⟨

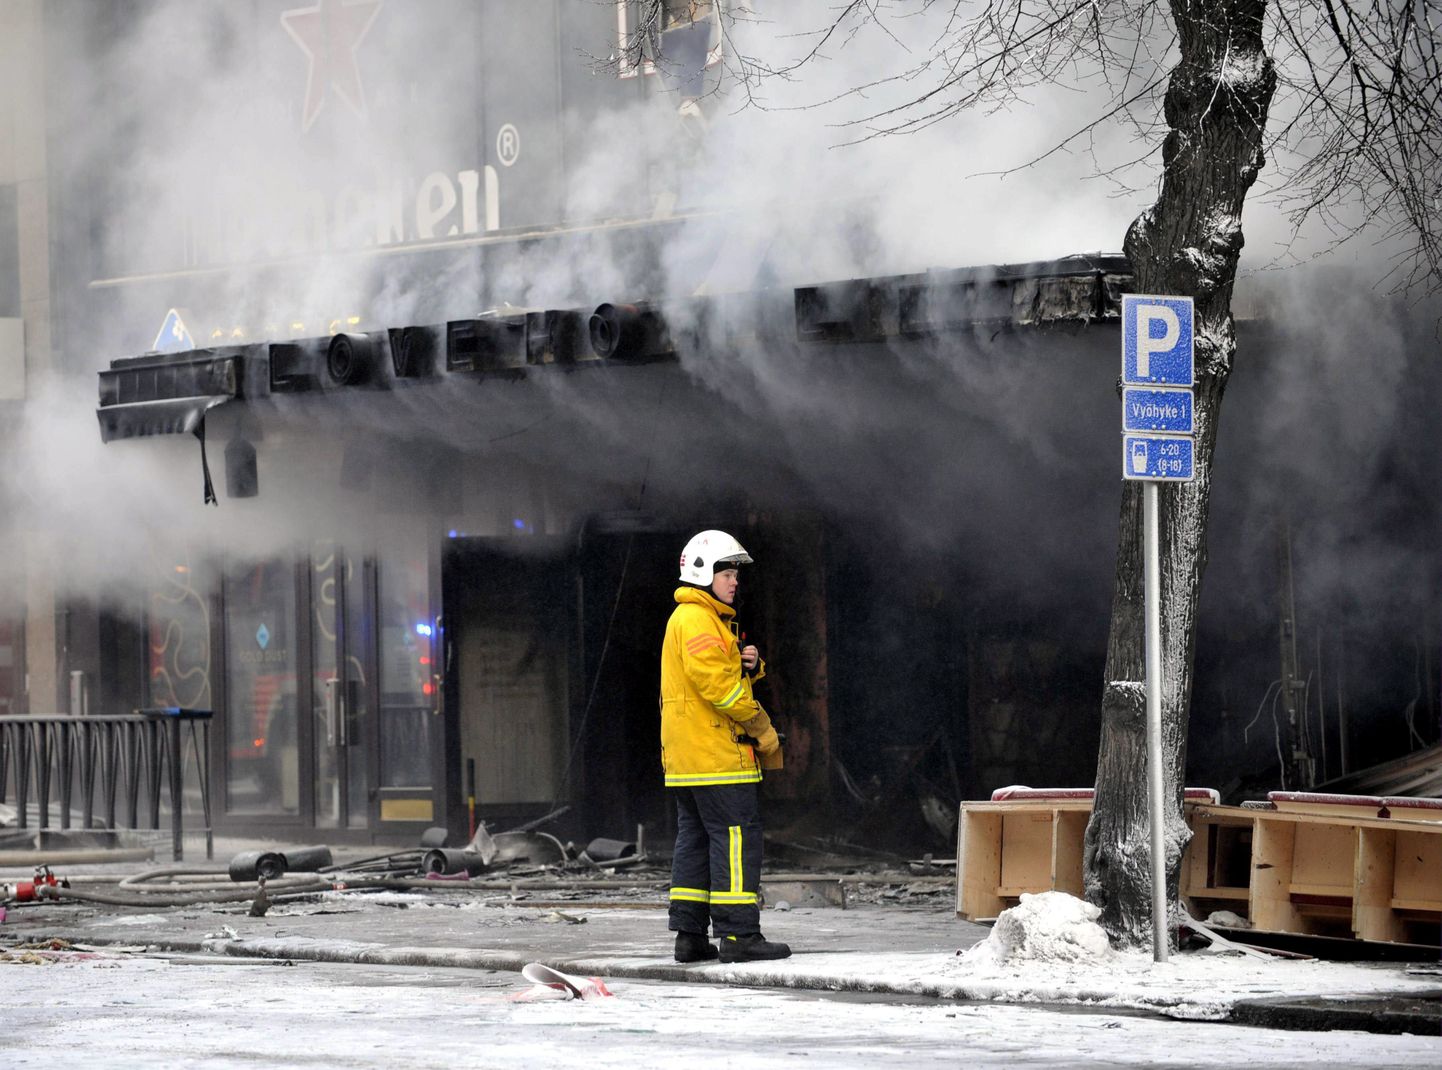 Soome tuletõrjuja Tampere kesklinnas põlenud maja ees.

⟩
⟨

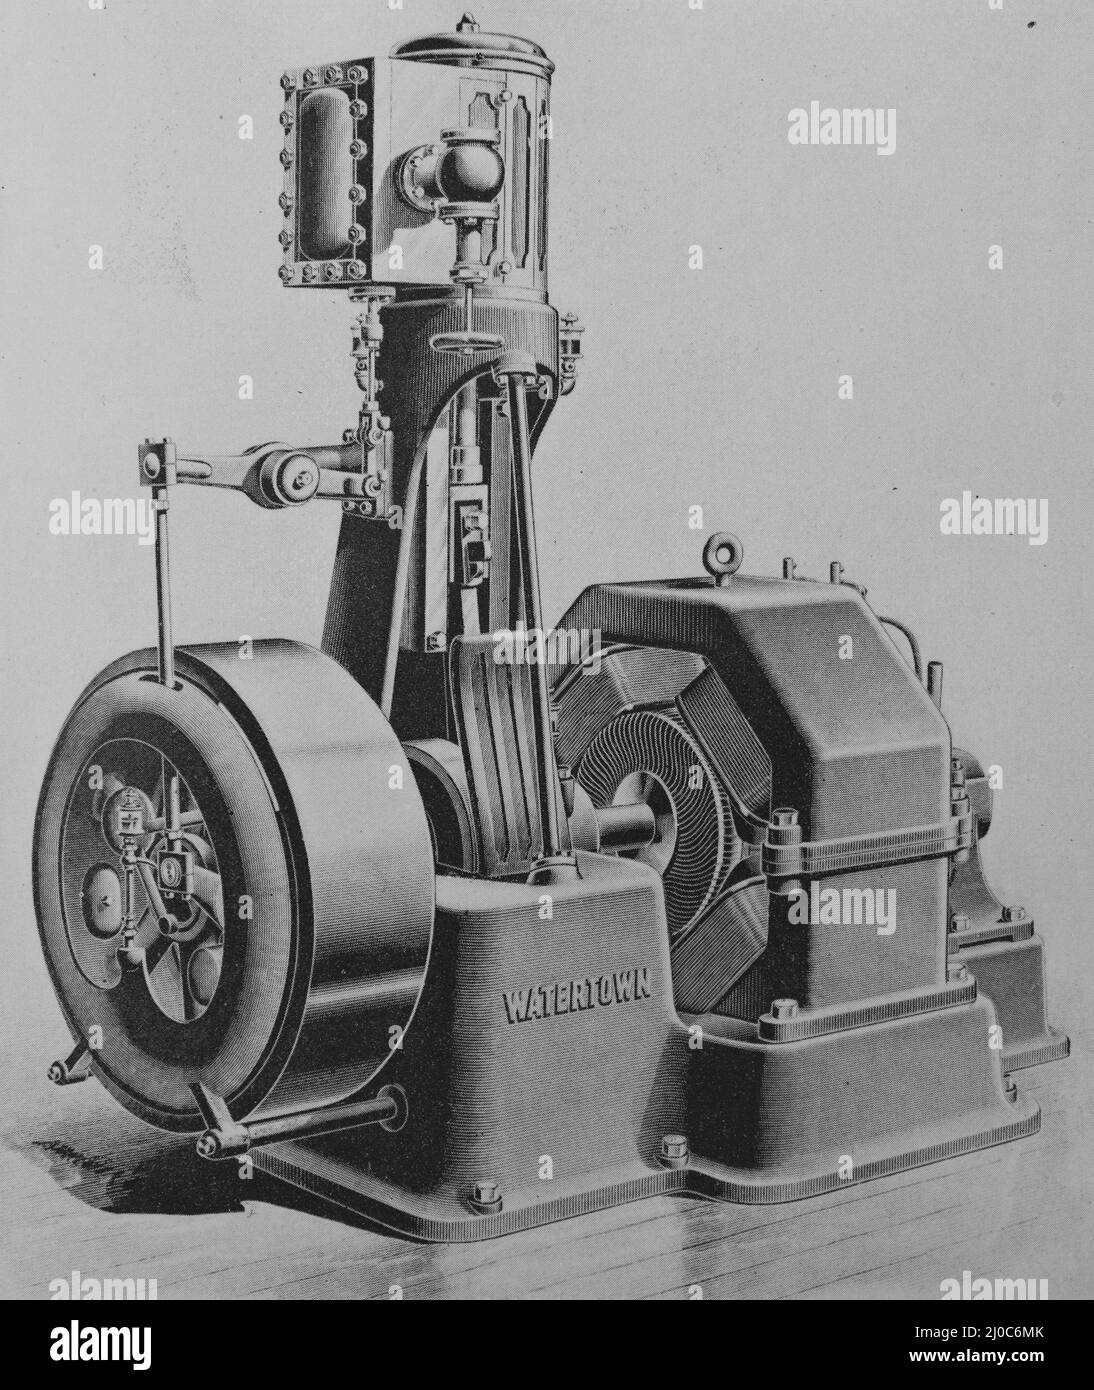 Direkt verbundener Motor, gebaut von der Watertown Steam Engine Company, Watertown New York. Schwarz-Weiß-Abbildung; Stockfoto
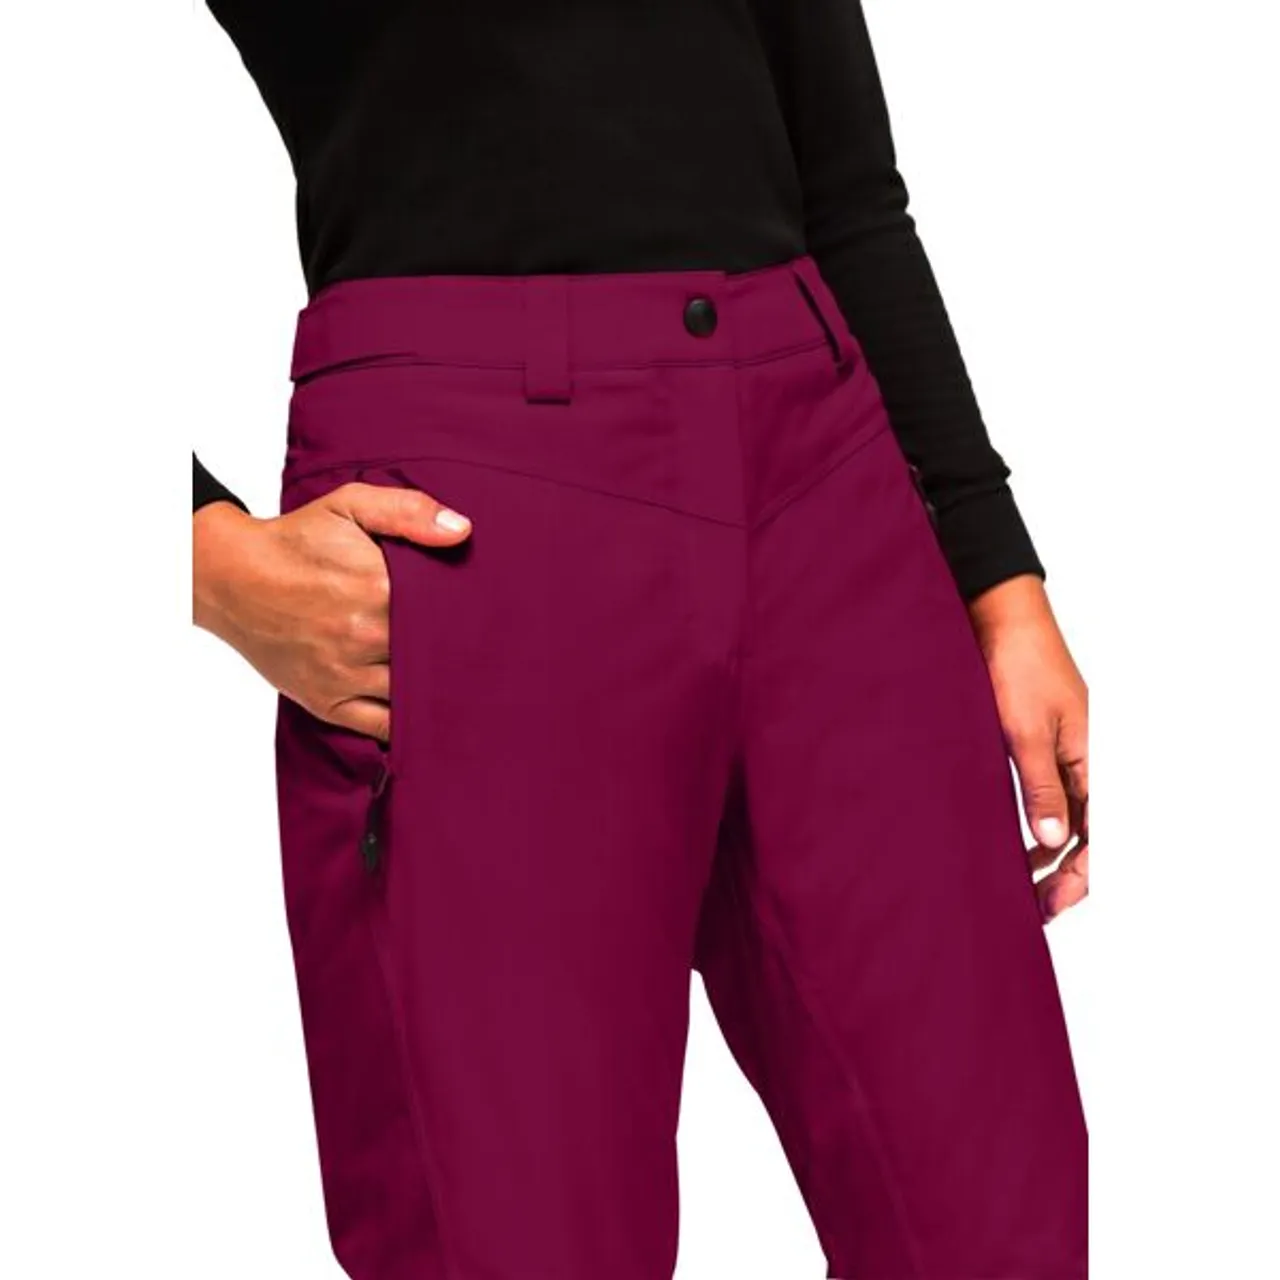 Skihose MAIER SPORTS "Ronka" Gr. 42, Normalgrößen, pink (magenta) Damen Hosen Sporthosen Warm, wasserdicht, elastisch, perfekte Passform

⟩

WORK ITEM
Respond with the exact lines above running from the one containing "Direkt verbundener Motor, gebaut" to the one containing "Skihose MAIER SPORTS", both ends kept and no pictures included.

EXERCISE RESPONSE
 Direkt verbundener Motor, gebaut von der Watertown Steam Engine Company, Watertown New York. Schwarz-Weiß-Abbildung; Stockfoto
 Skihose MAIER SPORTS "Ronka" Gr. 42, Normalgrößen, pink (magenta) Damen Hosen Sporthosen Warm, wasserdicht, elastisch, perfekte Passform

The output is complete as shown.